* Exercise *
In the entries that follow, find the line containing "Breve Historia De" and the line containing "Dijital Ekran Sıcaklık", then copy exactly everything from the first through the second except the pictures.

* Exercise materials *
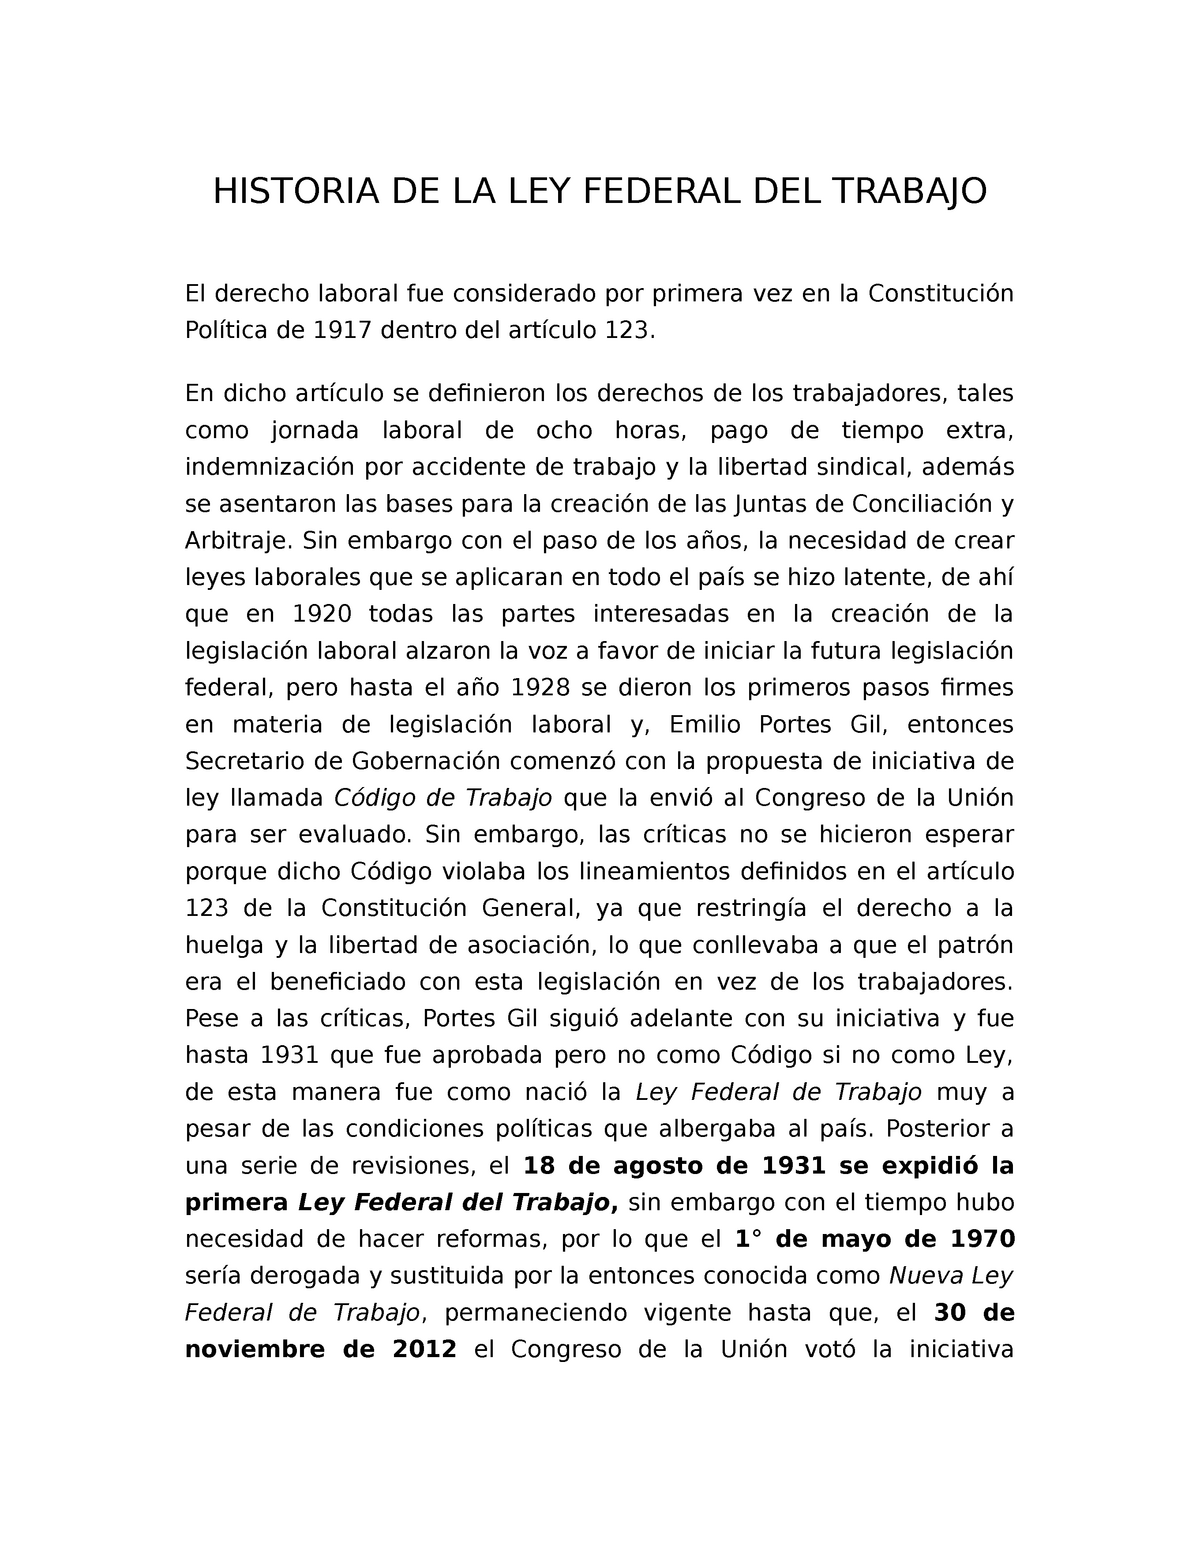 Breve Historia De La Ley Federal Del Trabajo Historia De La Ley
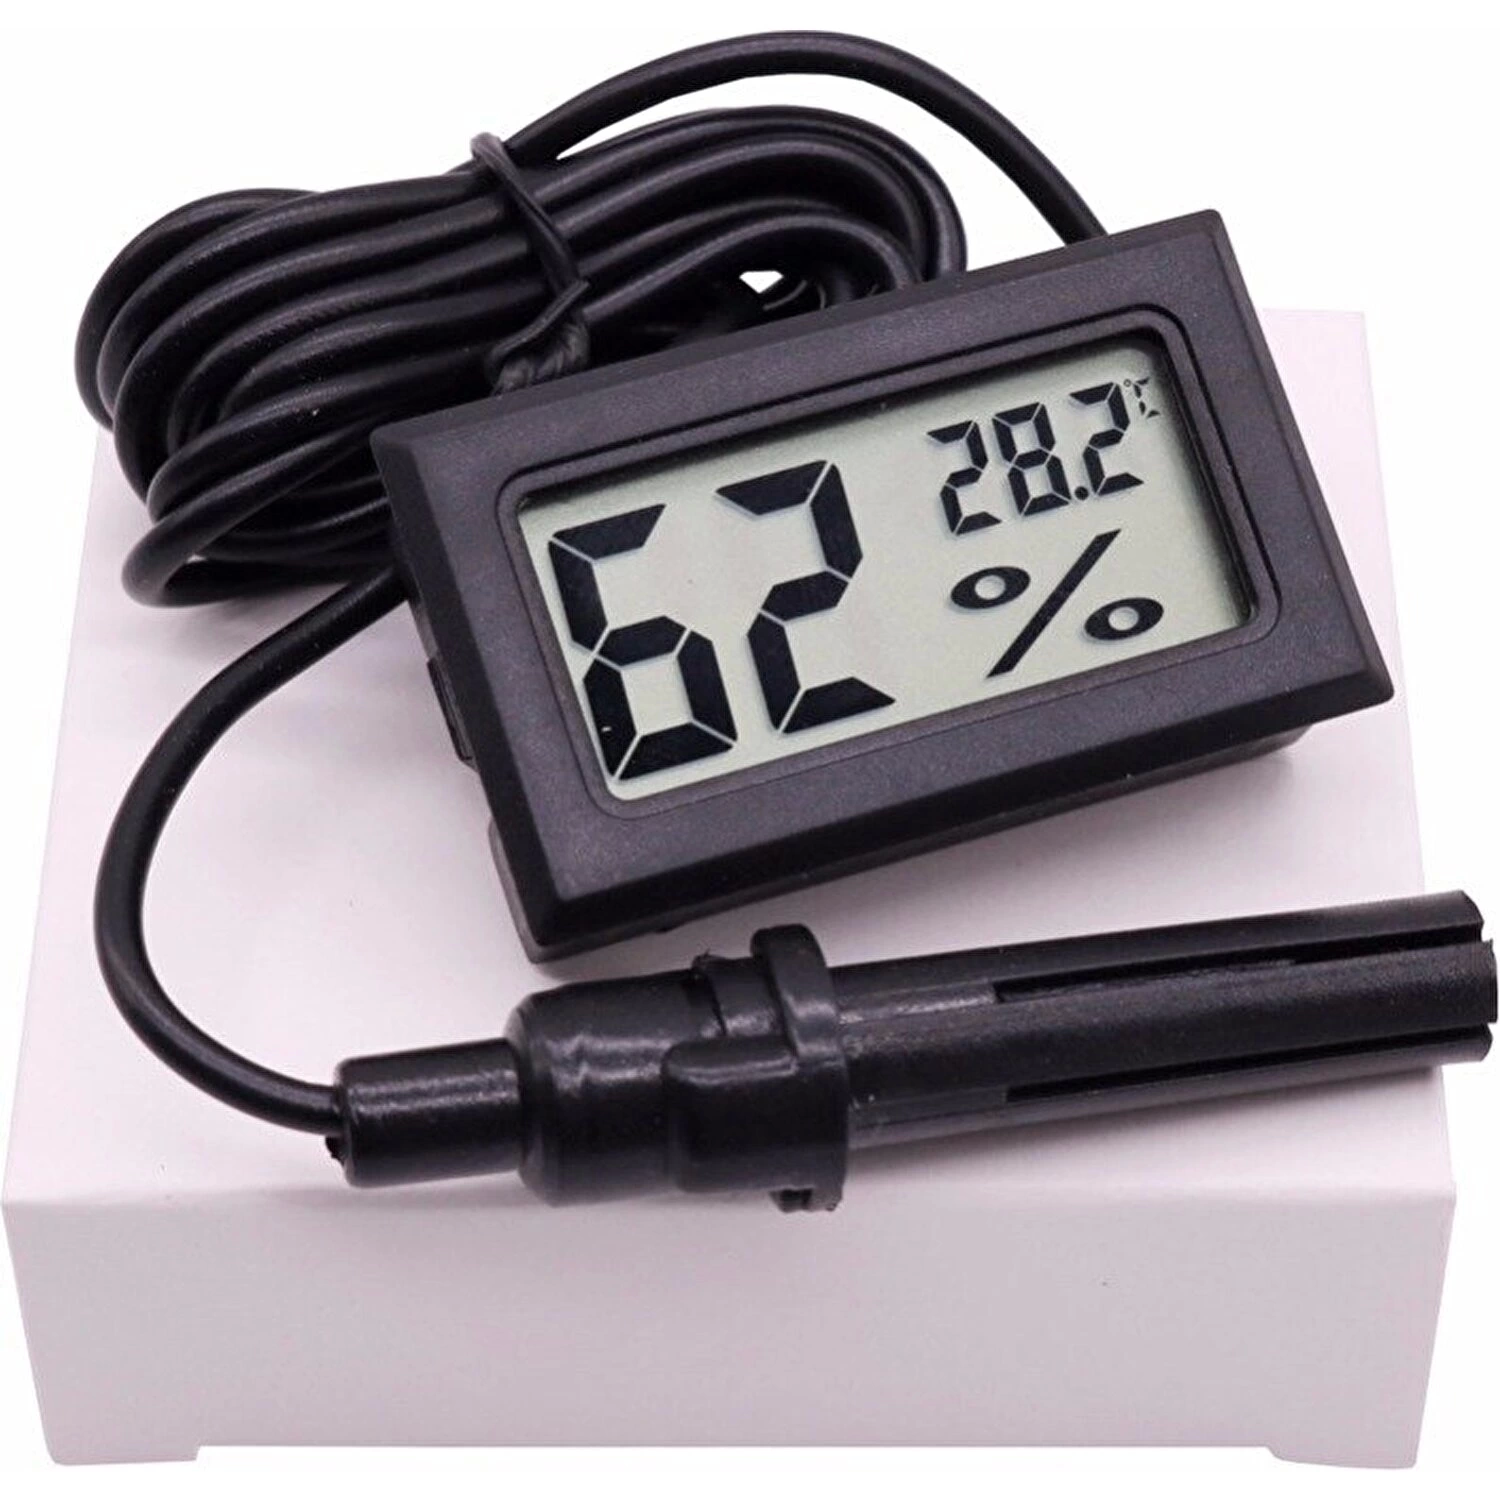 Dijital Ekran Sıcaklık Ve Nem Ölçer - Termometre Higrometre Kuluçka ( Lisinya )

* * *

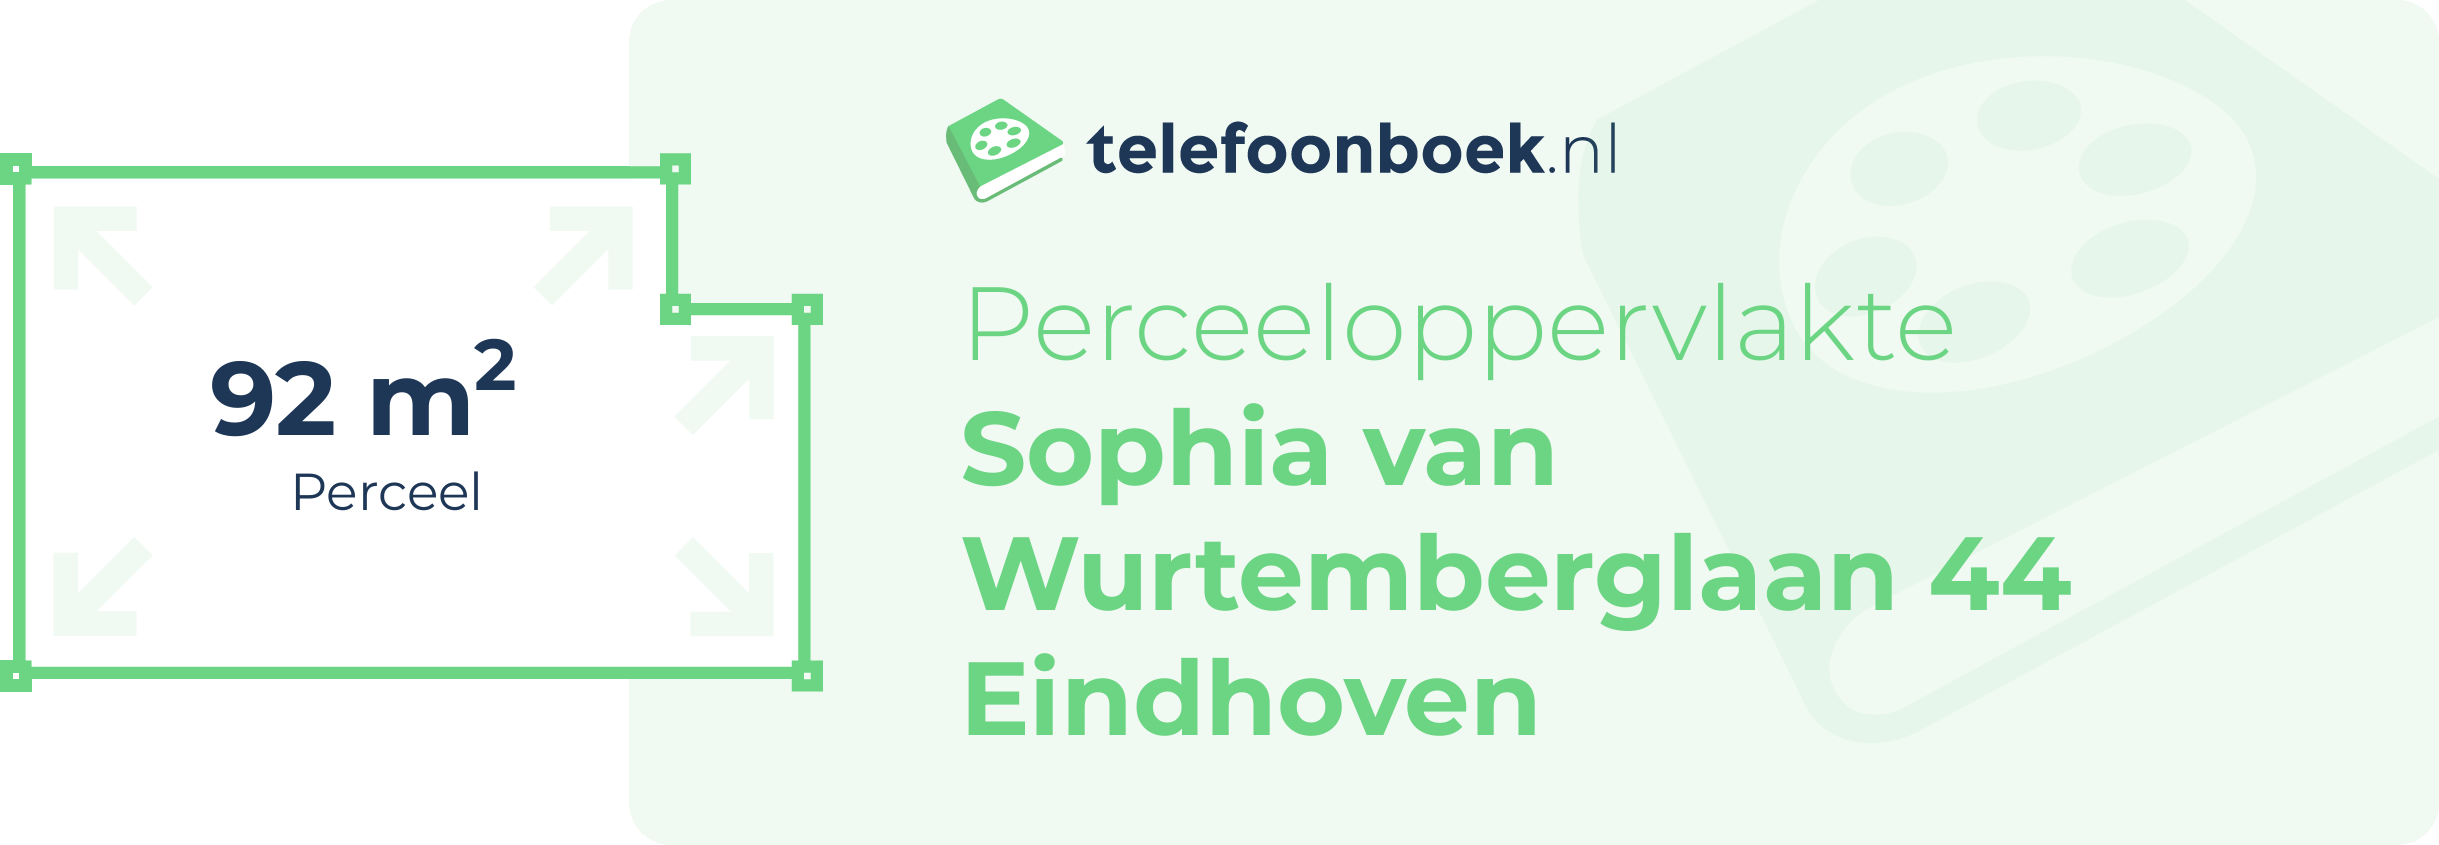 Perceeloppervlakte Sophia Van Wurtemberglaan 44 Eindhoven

* Exercise response *
 Breve Historia De La Ley Federal Del Trabajo Historia De La Ley
 Dijital Ekran Sıcaklık Ve Nem Ölçer - Termometre Higrometre Kuluçka ( Lisinya )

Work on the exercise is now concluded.